Smoot Carl-Mitchell wrote:

On Wed, 07 Apr 2004 13:51:03 -0500
"JupiterHost.Net" <[EMAIL PROTECTED]> wrote:


perldoc -f flock says

 "If LOCK_NB is bitwise-or'ed with LOCK_SH or LOCK_EX then "flock"
 will return immediately rather than blocking waiting for the lock
 (check the return status to see if you got it)."

So that would mean:

use Fcntl ':flock';

flock(FH, LOCK_EX || LOCK_NB) or die "Lock failed $!";

So flock(FH, LOCK_EX | LOCK_NB) then?


...
flock FH, LOCK_UN;


Not quite.  The bitwise or operator is '|' not '||'. What you have
sets the 2nd argument to true or 1 which is not what you want.


If so, does the numeric values work the same way?

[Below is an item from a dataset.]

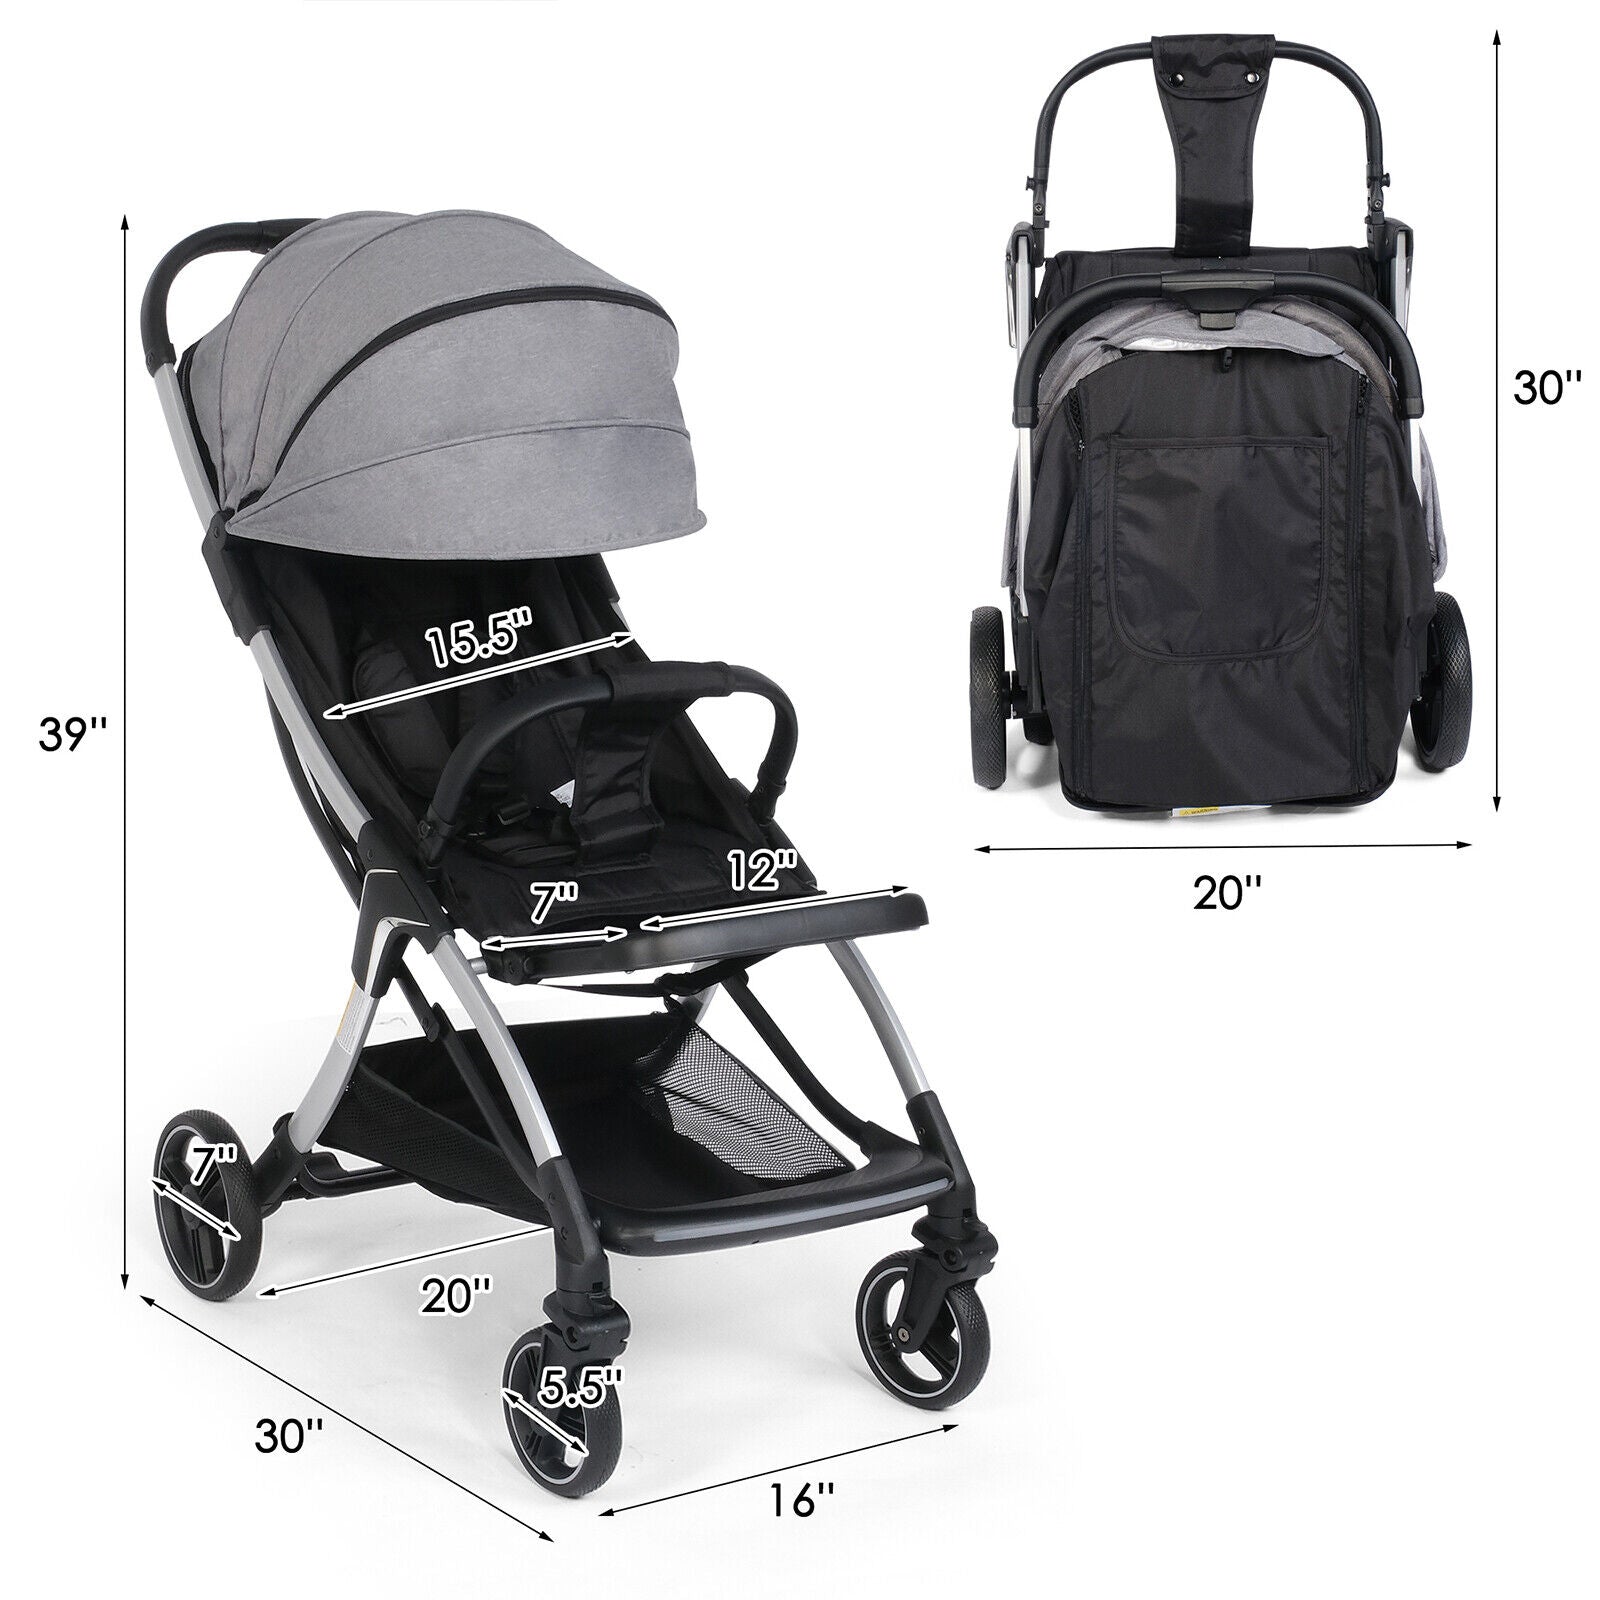 (Out of Stock) Lightweight Baby Stroller w/ Adjustable Canopy & Reclining Seat, One-Hand Quick Folding Stroller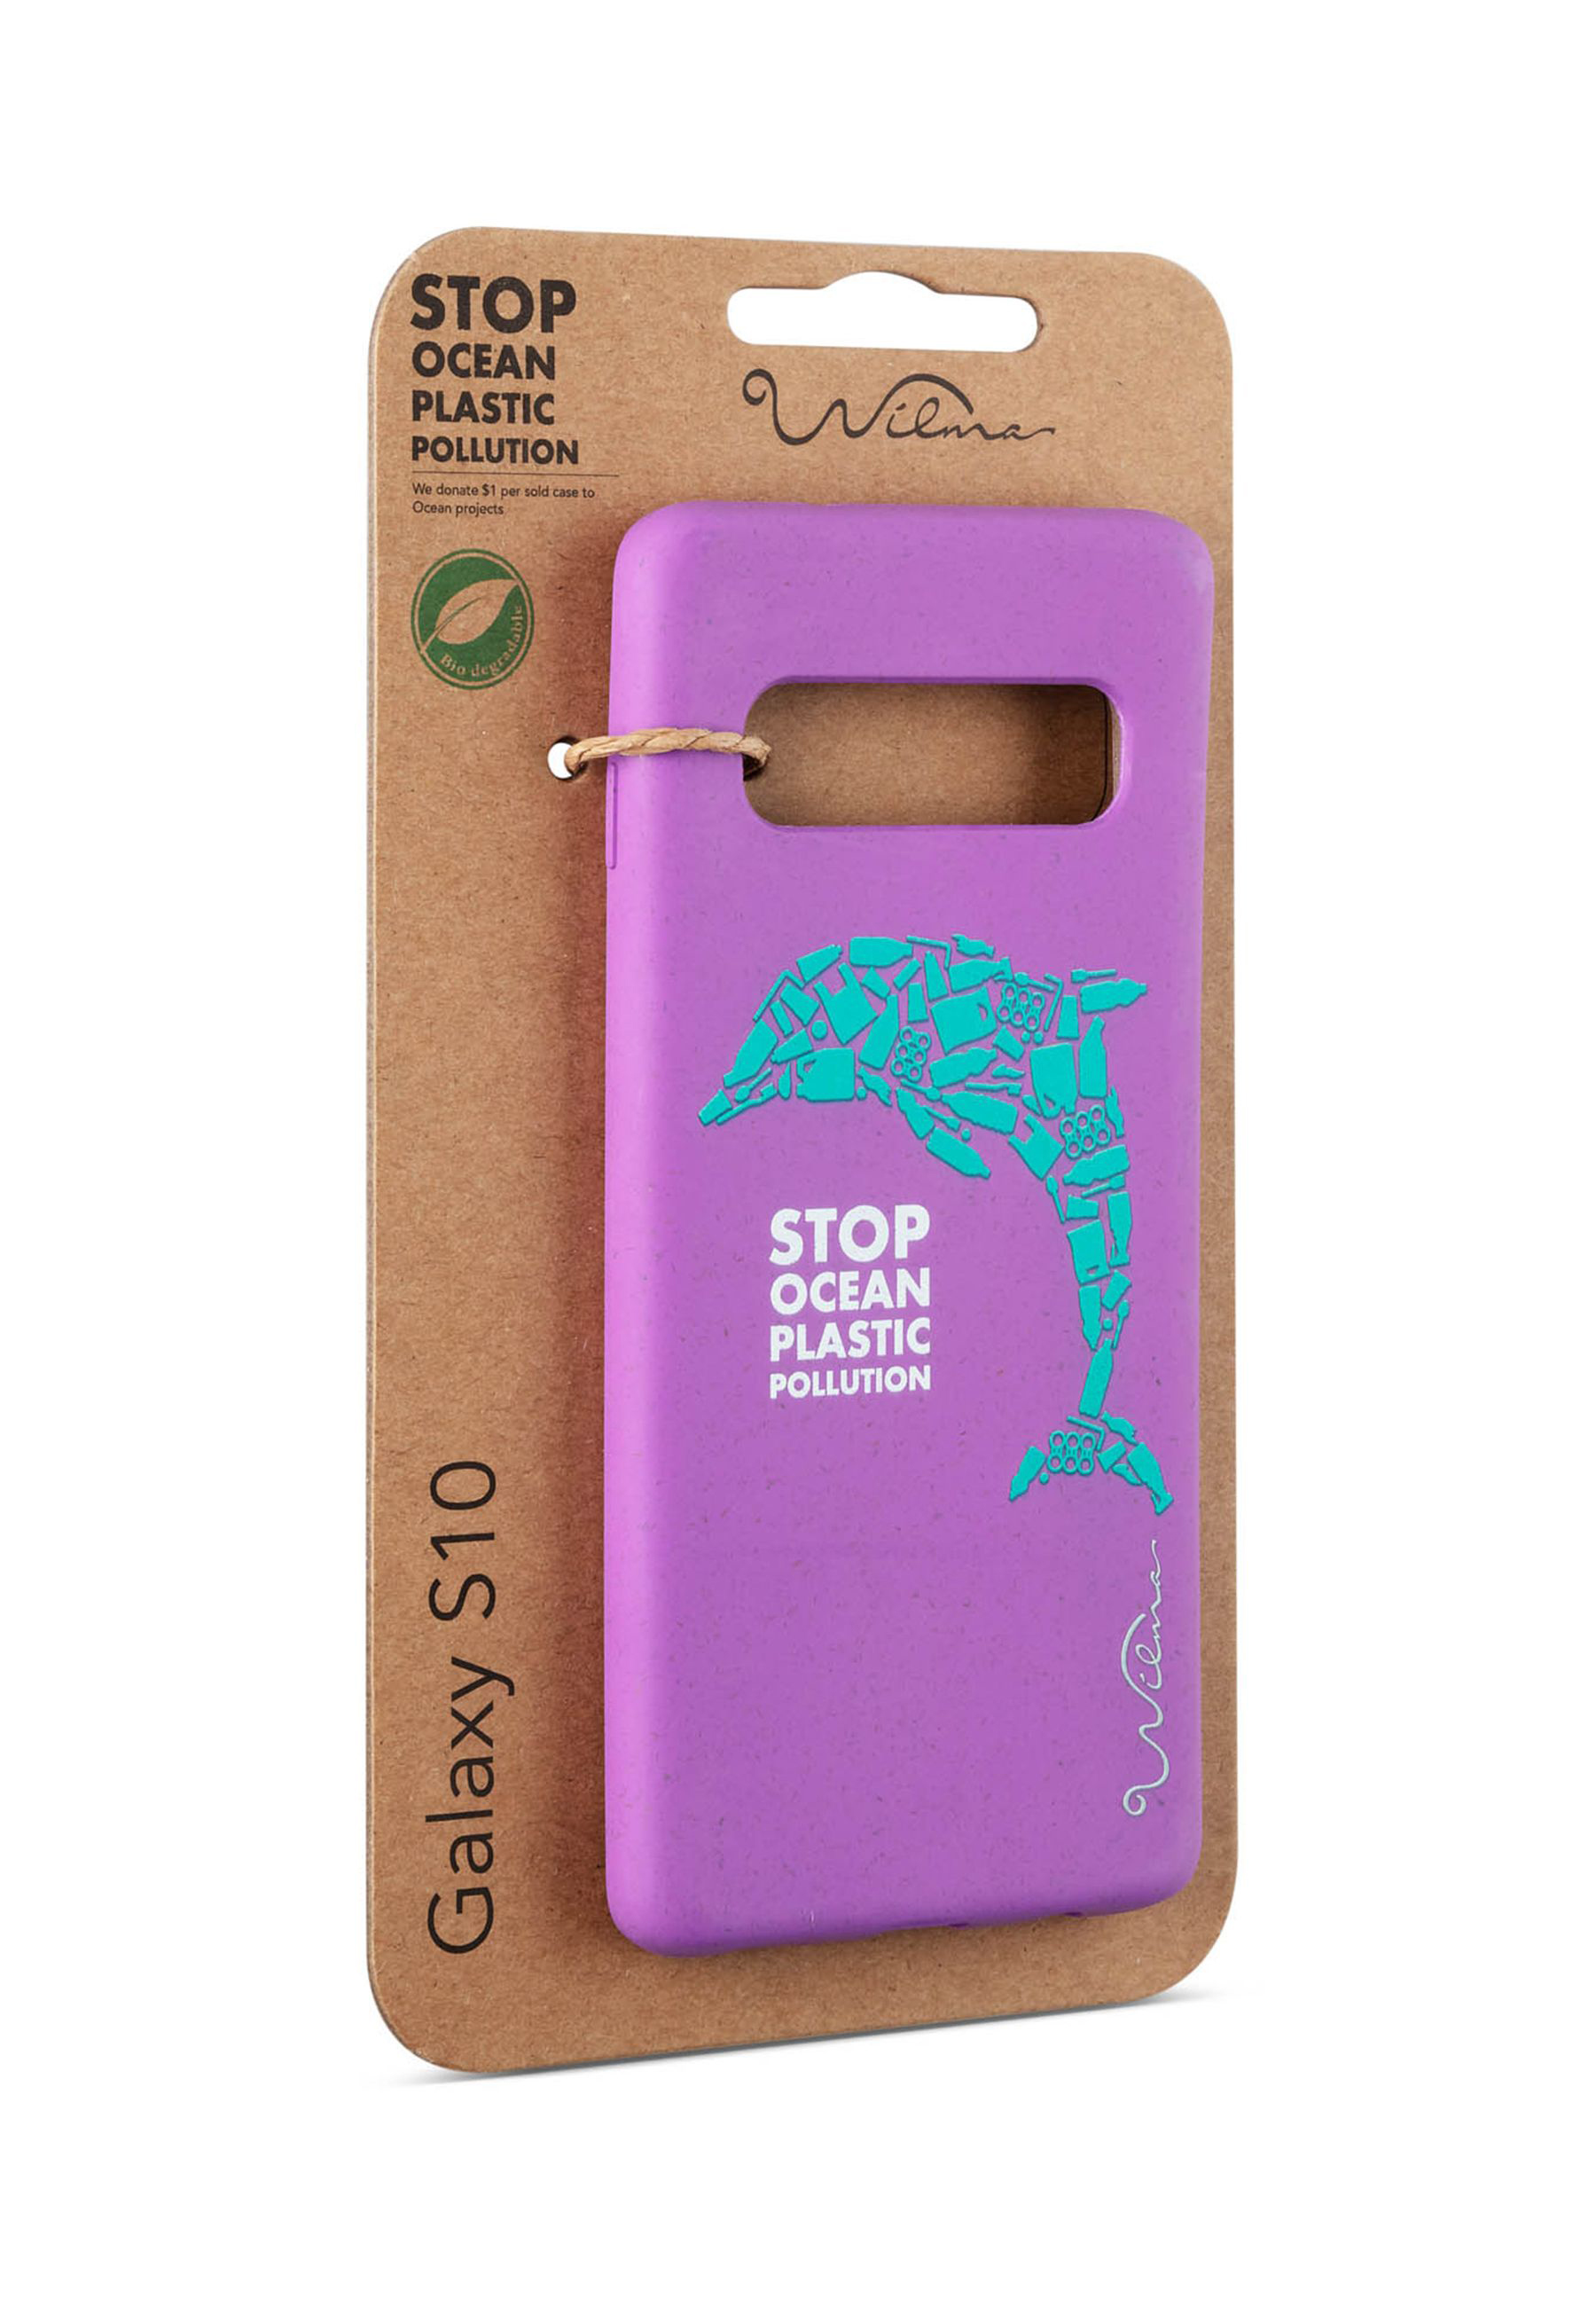 ECO FASHION BY Samsung, ORS10, Galaxy Backcover, purple S10, WILMA

The numeric values work the same, but I strongly encourage use of the
manifest constants.  It makes the code more portable and easier to read.

Right On.


lock(FH, 1 || 4) or die "Lock failed $!";
...
flock FH, 8;

correct?

If you do the (LOCK_EX || LOCK_NB) or (1 || 4) is the return code different depending on the type of lock received?

IE
 my $rc = flock(FH, LOCK_EX || LOCK_NB);
 if($rc == 4) { warn "rats! Exclusive lock not granted, oh well...";
 } if(!$rc) { die "Could not get lock no how mr flock guy!"; }


The return code with LOCK_NB is false if the file is locked by another
process, true is you got the lock. $! holds the appropriate error
message.

So: my $rc = flock(FH, LOCK_EX | LOCK_NB);

if($rc == 0) { warn "rats! Exclusive lock not granted, oh well..."; } if(!defined $rc) { die "Could not get lock no how mr flock guy!"; }

or

if(!$rc) { $! =~ m/No Lock/ ? warn "not exclusive but locked - $!" : die "no lock - $!"; }

or ??

If the second way then what would "No Lock" be?
(IE what is $! set to if LOCK_NB is used instead of LOCK_EX and what is it set to if no lock is made?)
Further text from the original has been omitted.